▸ **Work to be completed**
Lines from the one containing "In der Platte signiert" through the last line of the records below are to be repeated exactly.

▸ **Collected data entries**
============================================================
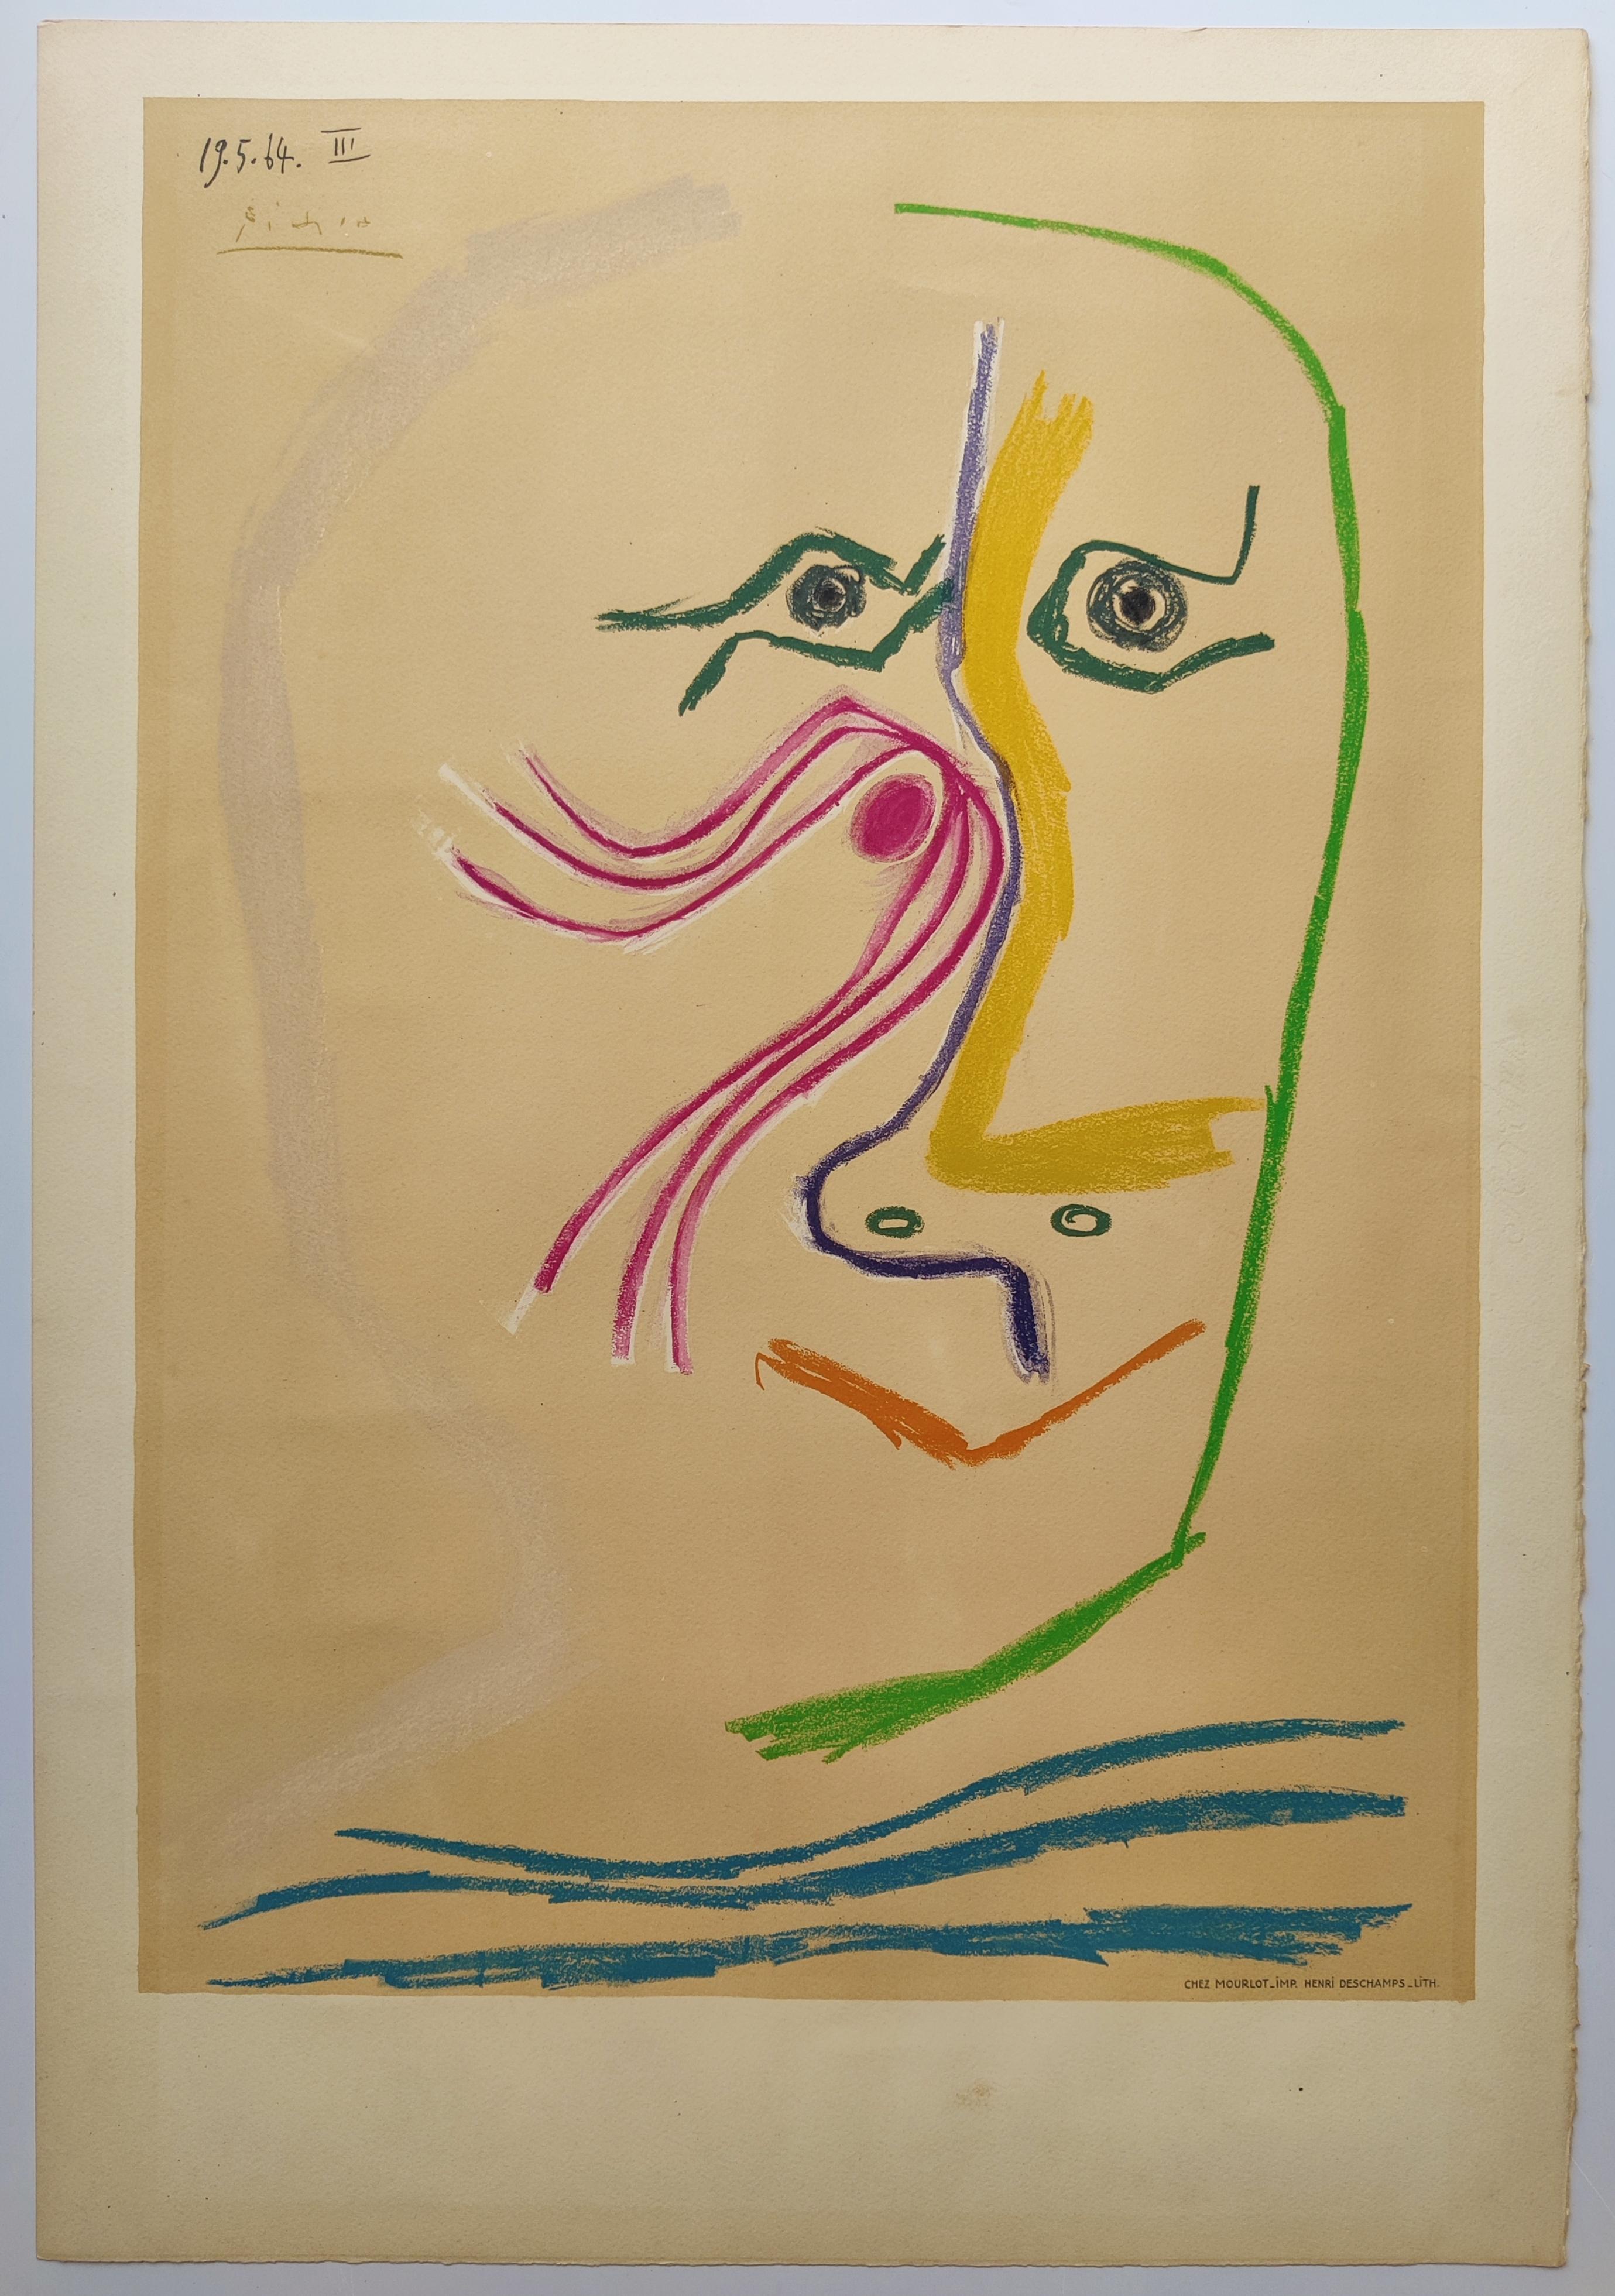 Pablo Picasso
Hommage an René Char, 1969
Farblithografie auf Arches-Waffelpapier  von Henri Deschamps, Paris
In der Platte signiert 
Bildgröße: 63,6 x 44,7 cm
Blattgröße: 75,7 x 52 cm
Gedruckt bei Mourlot, Paris
Herausgegeben vom Musée Municipal
============================================================
▸ **Result of the task**
In der Platte signiert 
Bildgröße: 63,6 x 44,7 cm
Blattgröße: 75,7 x 52 cm
Gedruckt bei Mourlot, Paris
Herausgegeben vom Musée Municipal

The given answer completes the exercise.